What needs to be done
Could you copy the data that follows exactly as written, but drop the pictures?

Raw data START

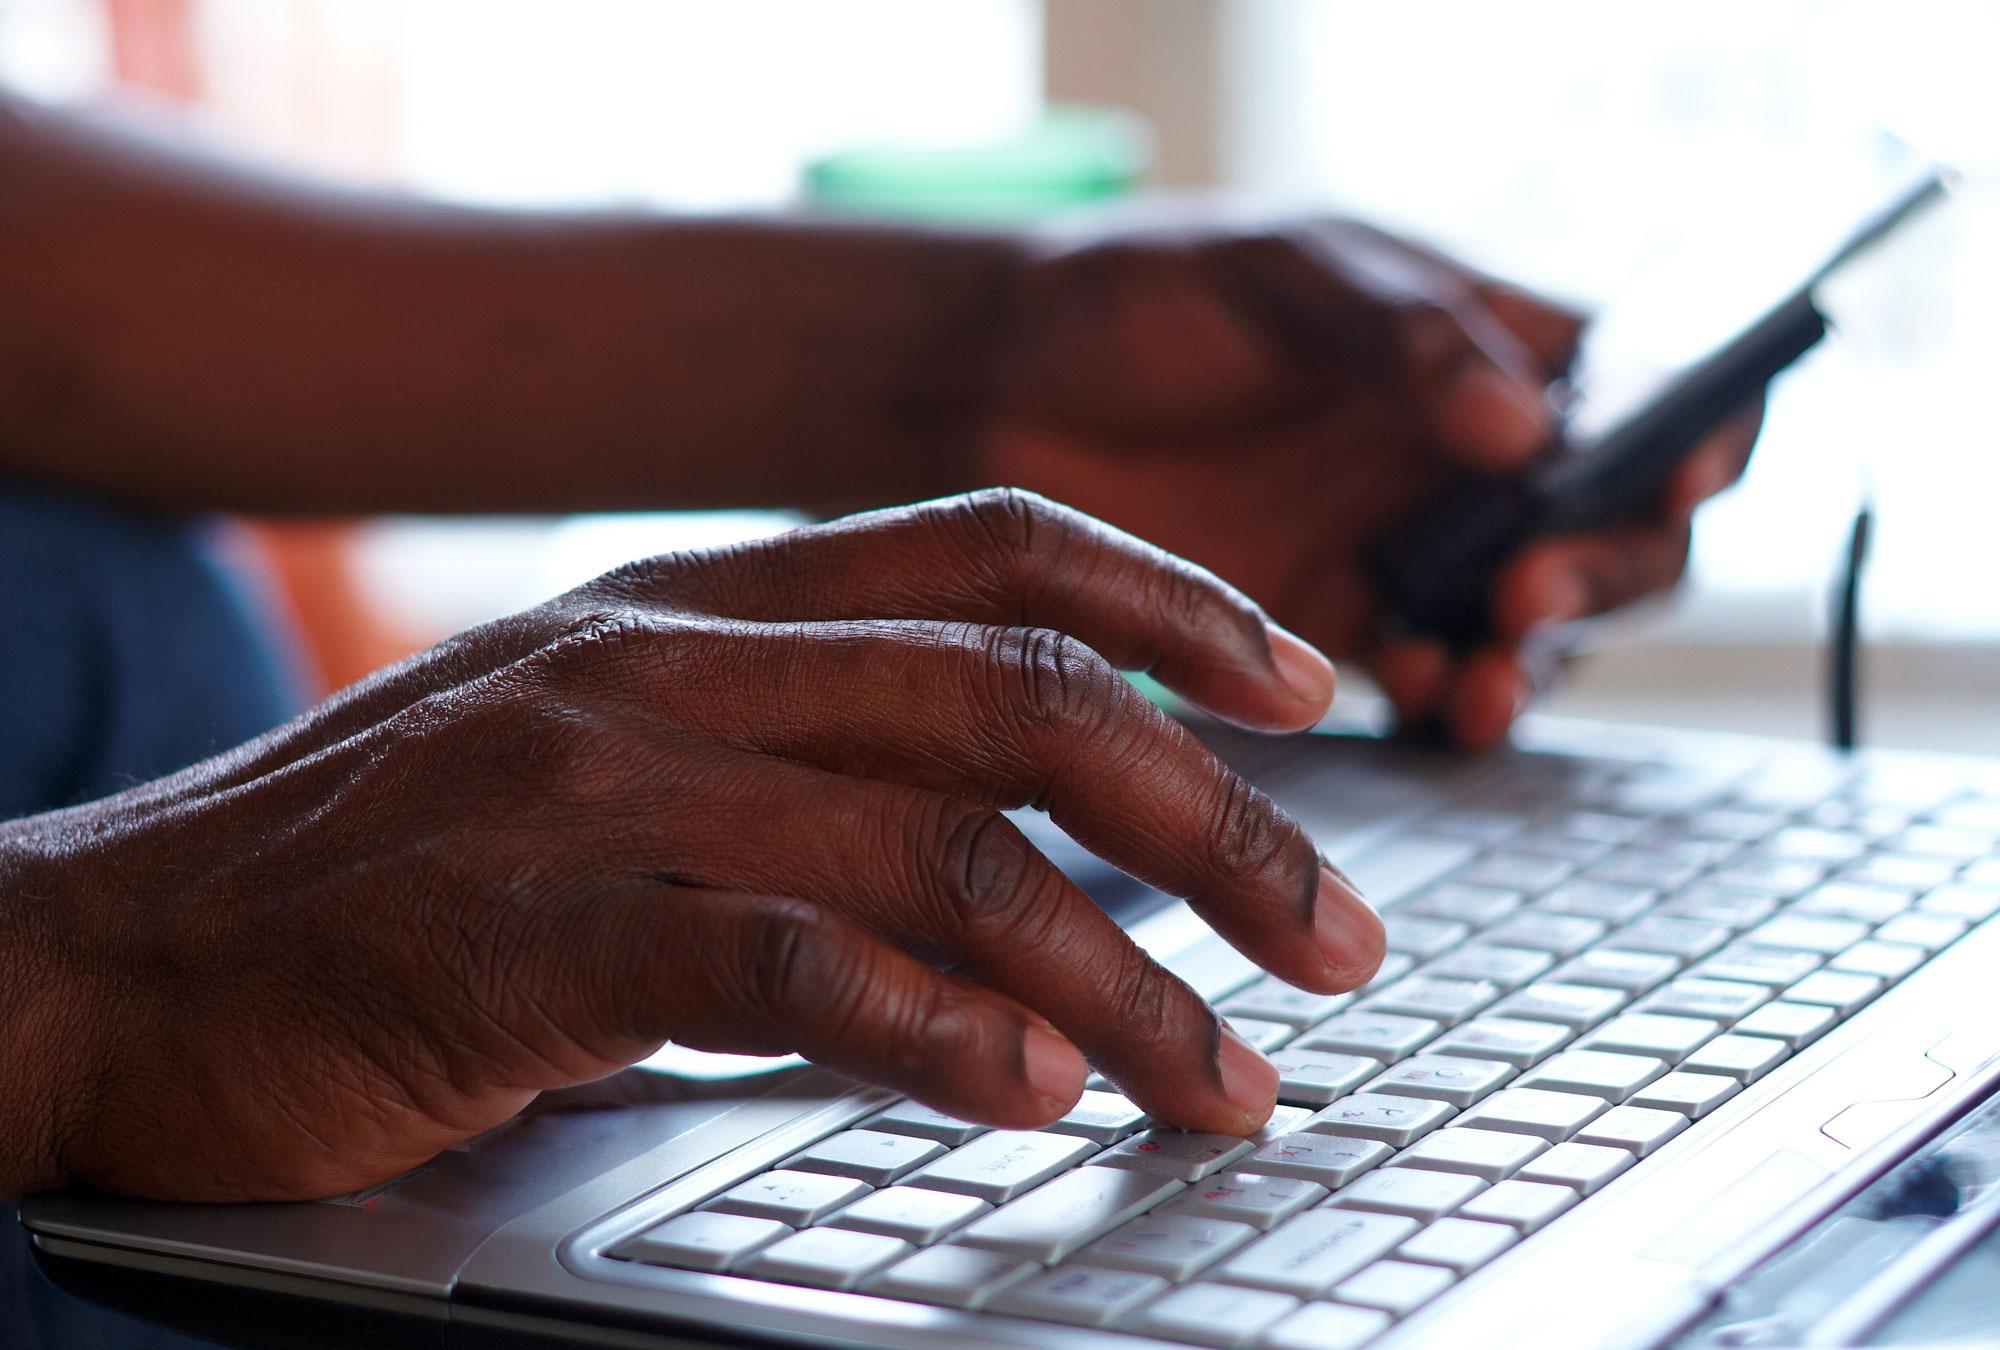 Hands type on keyboard
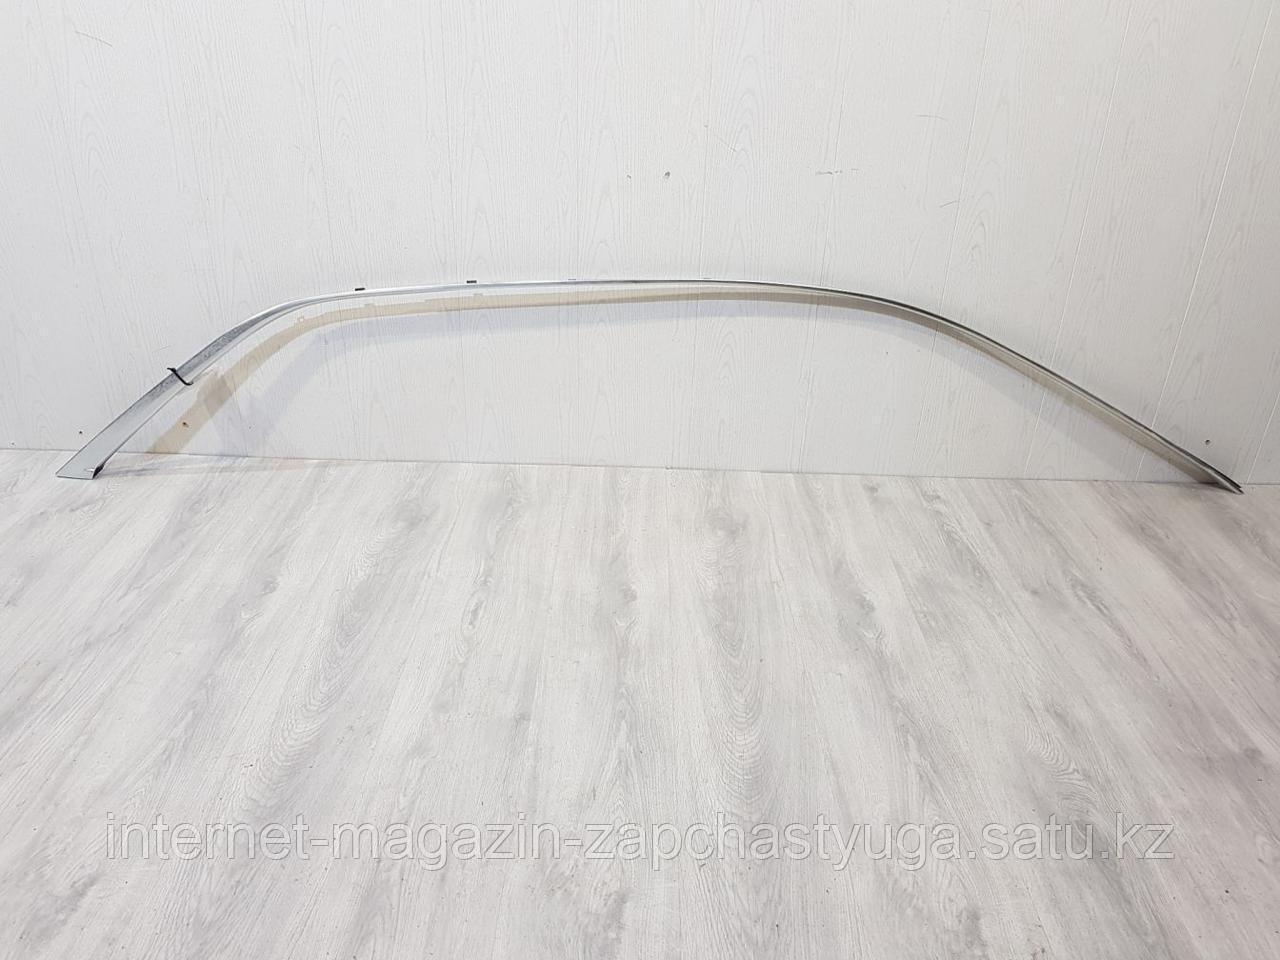 22744644 Молдинг кузова правый для Cadillac CTS 2013- Б/У - фото 1
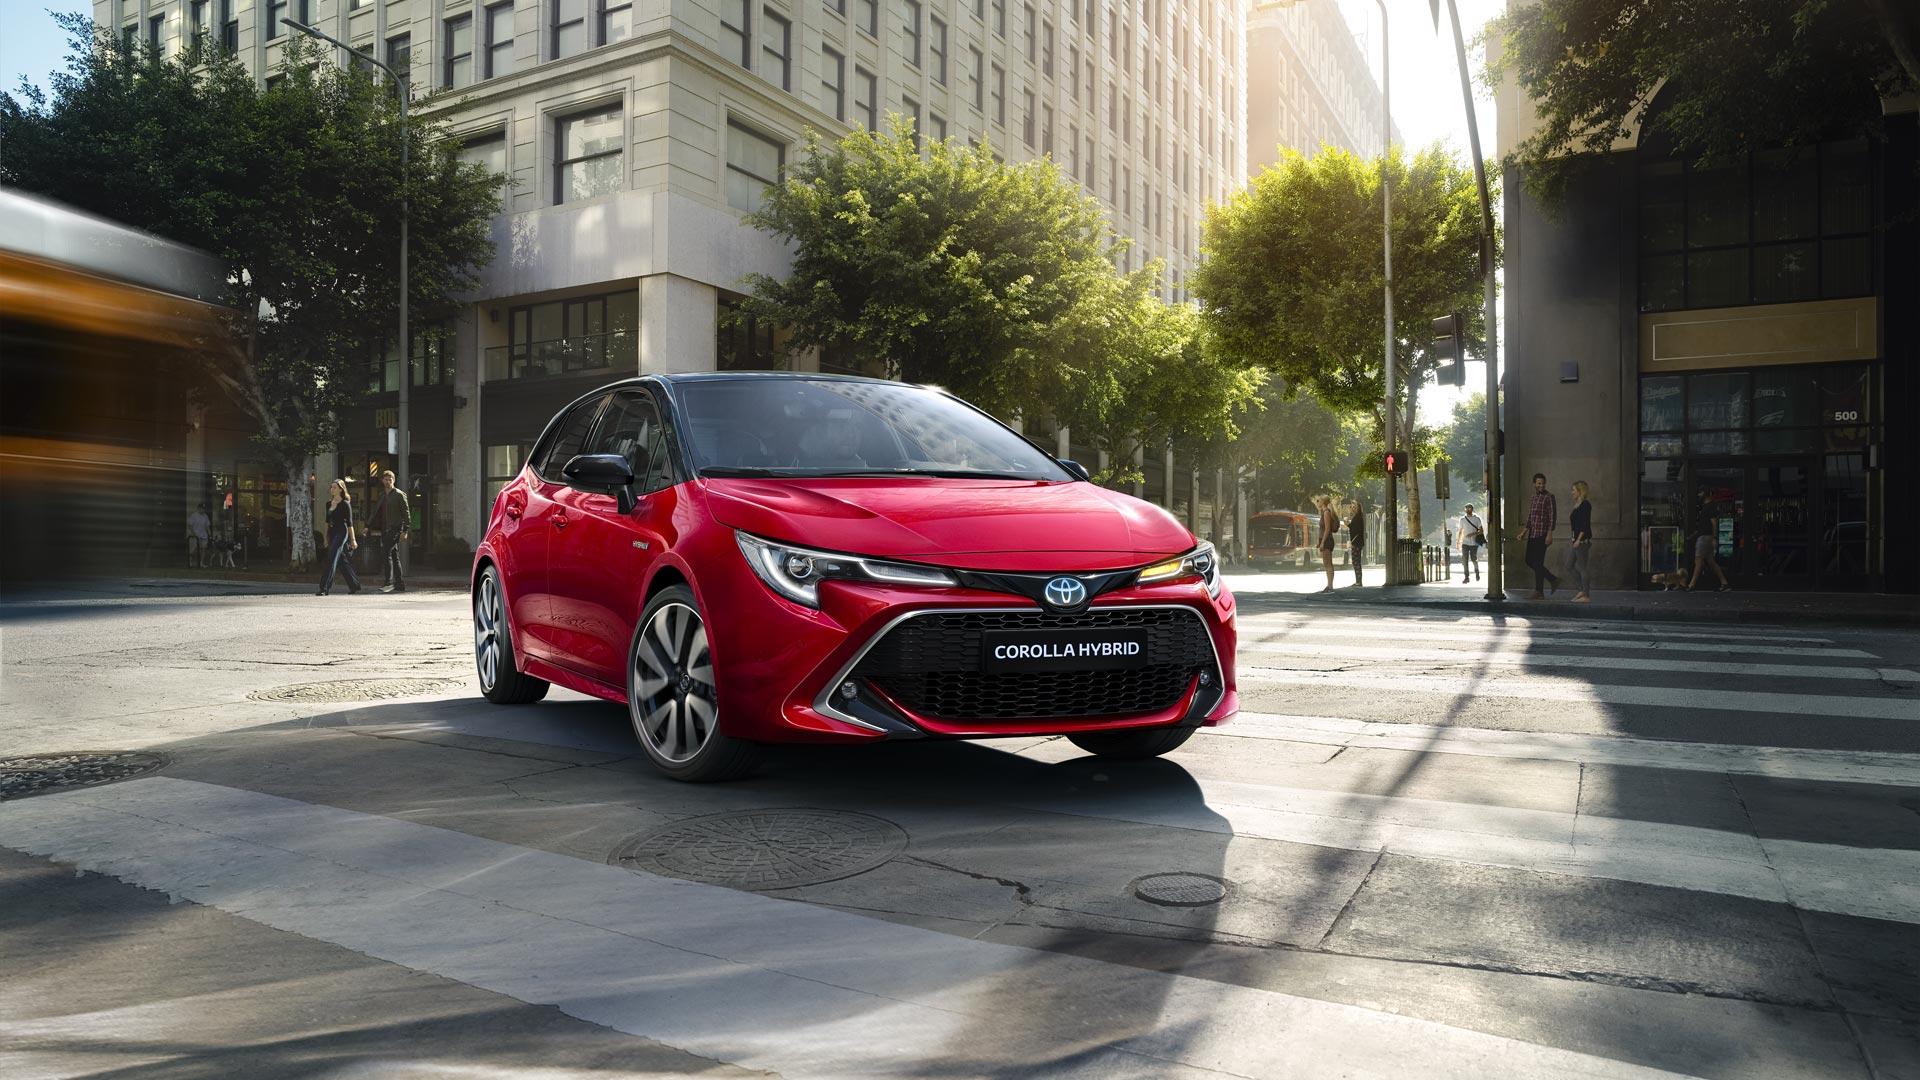 Nuevo Toyota Corolla Hybrid 2019 en Galicia
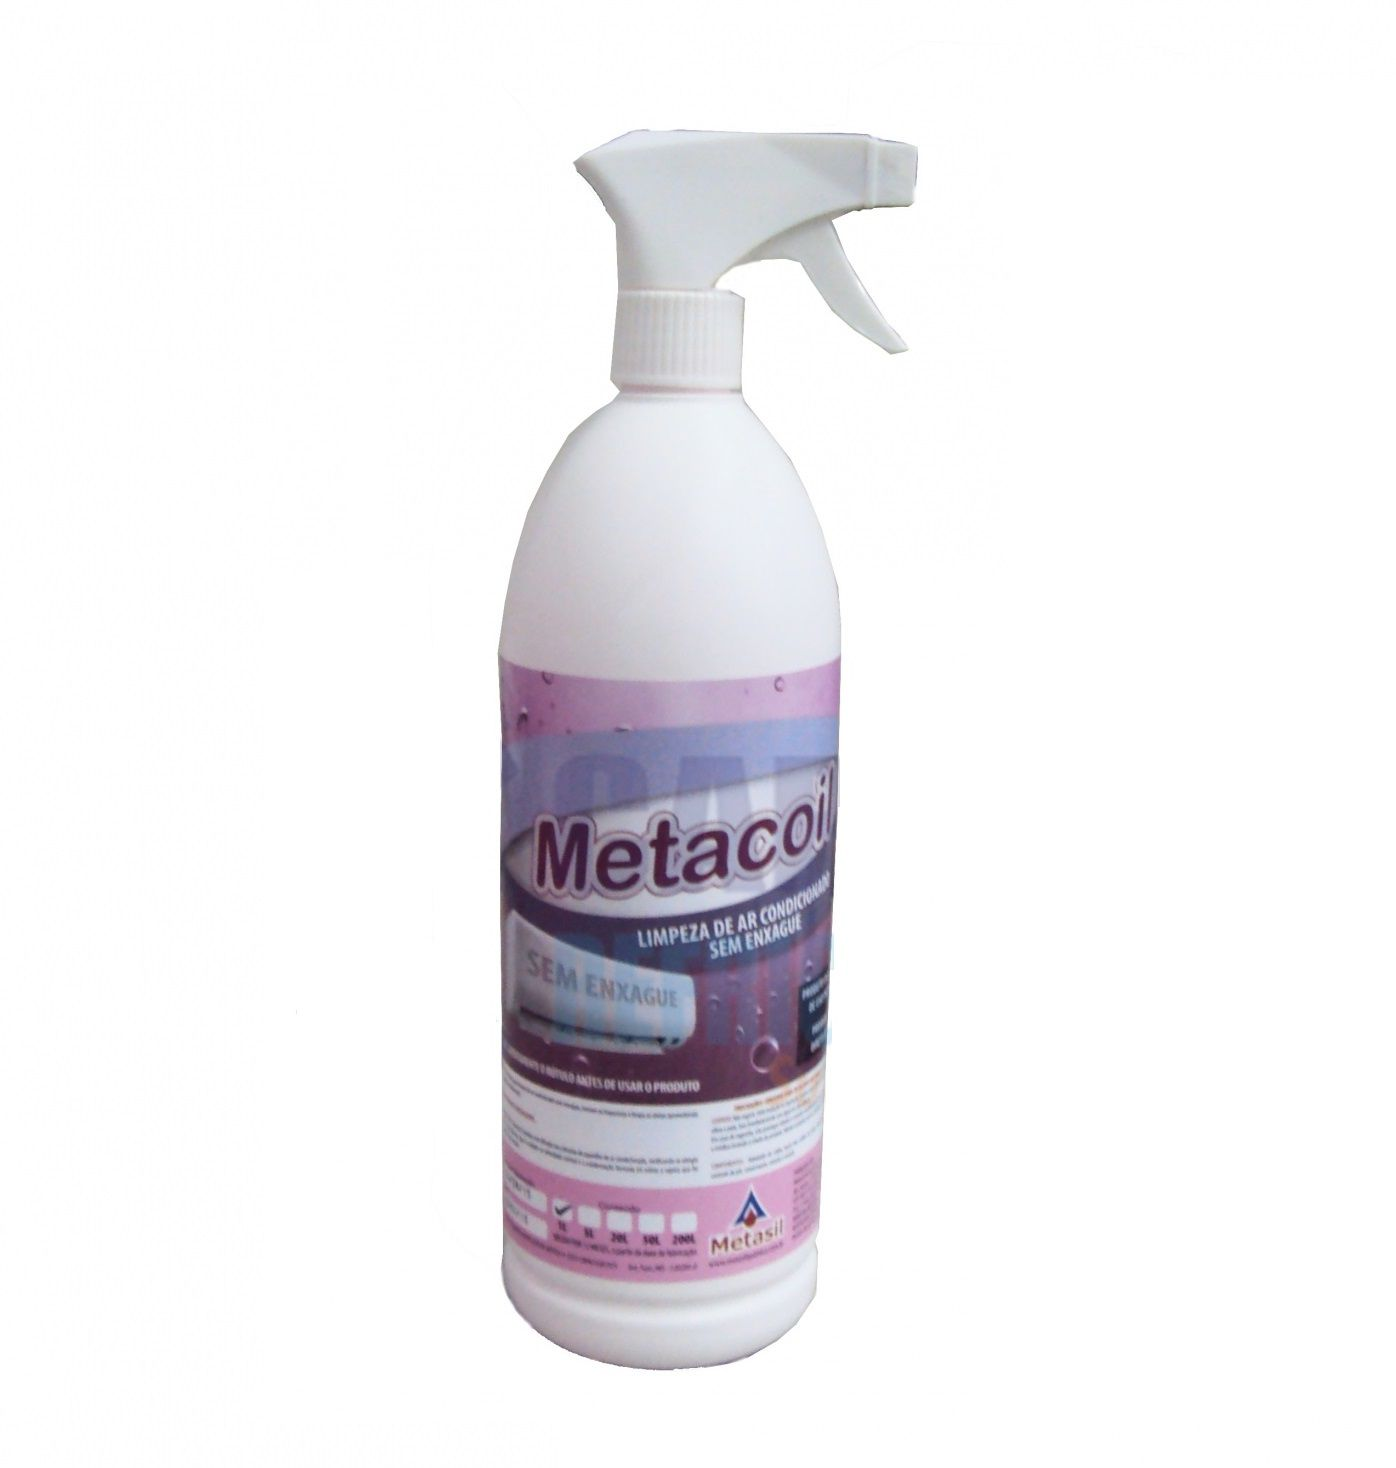 Metacoil Metasil 1L

Raw data END

Task output
 Hands type on keyboard
 22744644 Молдинг кузова правый для Cadillac CTS 2013- Б/У - фото 1
 Nuevo Toyota Corolla Hybrid 2019 en Galicia
 Metacoil Metasil 1L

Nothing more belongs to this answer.